Snowflake has become a phenomenon across industries with its focus on analytical data storage and impressive performance. With compute capacity charge on a consumption basis and most legacy performance tuning now handled by the service, Performance optimization is often as simple as spending a bit more money.
Performance tuning categorized in two ways:
1: Automatically by Snowflake:
- Micro partitioning: Columns store independently with-in micro partitions, referred to a columnar storage. Enables precise pruning of Column/Partition: the optimizer analyzes FROM and WHERE clauses in SQL statements to eliminate unneeded partitions .
- Columns are compress individually inside the micro partitions. Snowflake automatically determines the efficient compression algorithm.
- Re-Clustering: Re-Clustering a table can help reduce scanning of micro-partitions which helps performance optimization.
2.Tuning by developer/Admin:
- Always use Limit Clause with Select * from table. Virtual warehouse pulls complete data from storage layer, and execute the query and store all the results into Result Cache.

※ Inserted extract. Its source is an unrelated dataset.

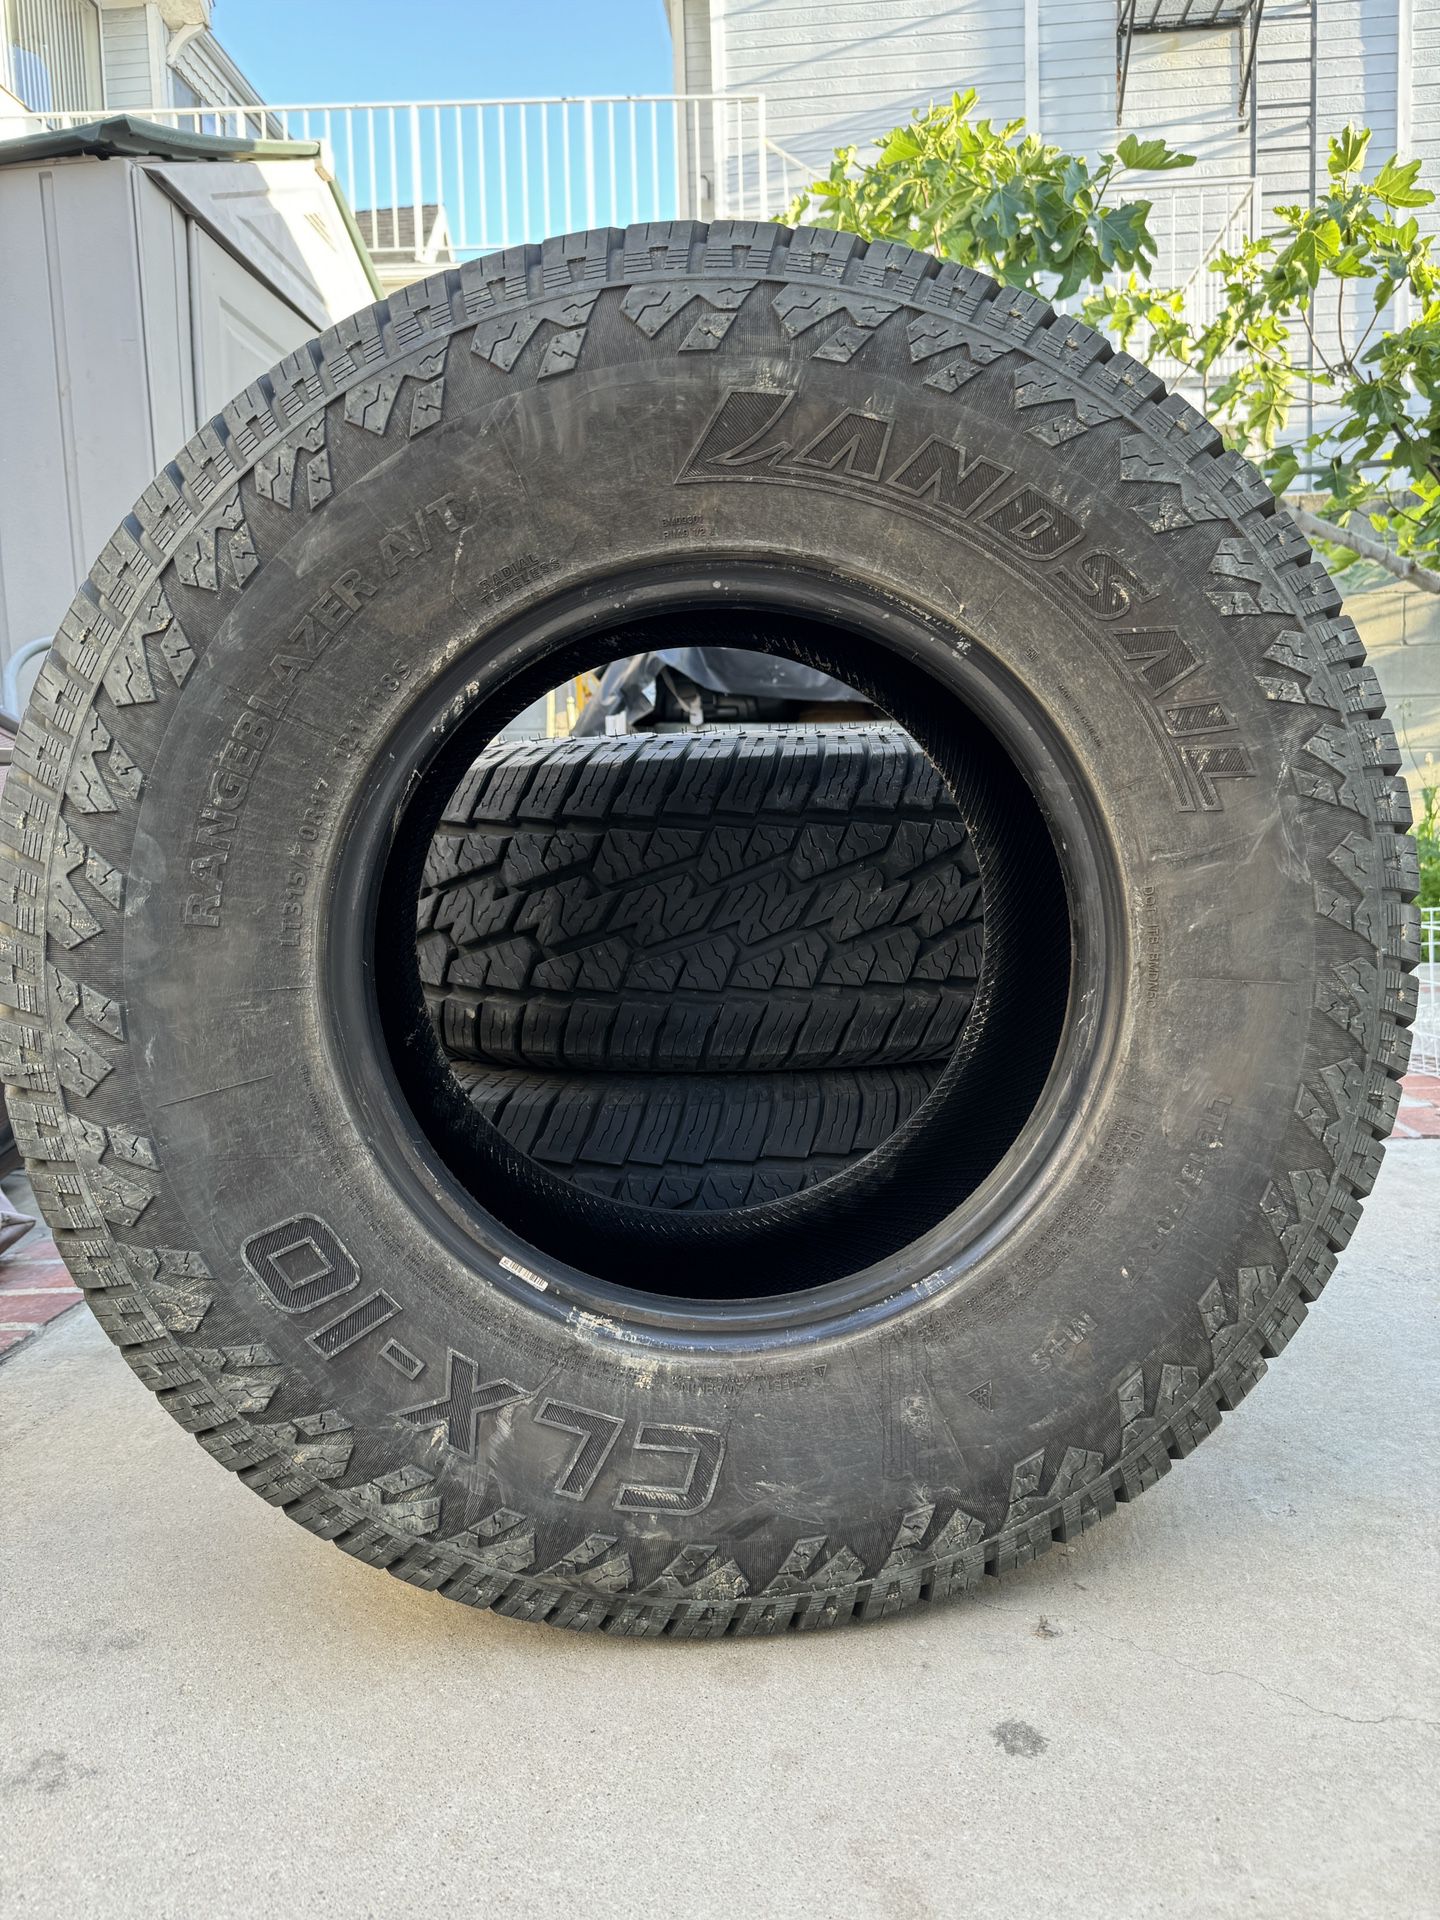 35’ Landsail CLX-10 Tires

- Charged for the computation even we use SELECT * to know only type or structure of data.
- Dedicated warehouse for Querying: Snowflake automatically caches data in the Virtual Warehouse (local disk cache). Place users querying the same data/tables on the same virtual warehouse.
- This maximizes the chances ,data retrieved to the cache by one user used by others instead getting from Storage layer:
- Never disable Cloud Service Result Cache layer : One of the important performance optimization, This layer holds the result of your query and incase other users execute the same query , Instead route to VW and Storage layer , retrieve the output from Result Cache layer itself and here no computation cost involves.
- What happens if underlying table gets updated: Assume, result available in Result Cache layer and perform update or delete the data from table , Execute the Select Query , No Result Cache comes into relevance. Will send request to VW layer which in turn pulls the data from Storage layer ,Cache it at Local disk ,execute the query and store the latest Output in Result Cache. Hence it is advisable first perform all DML operations and then execute the DDL to avoid the performance issues.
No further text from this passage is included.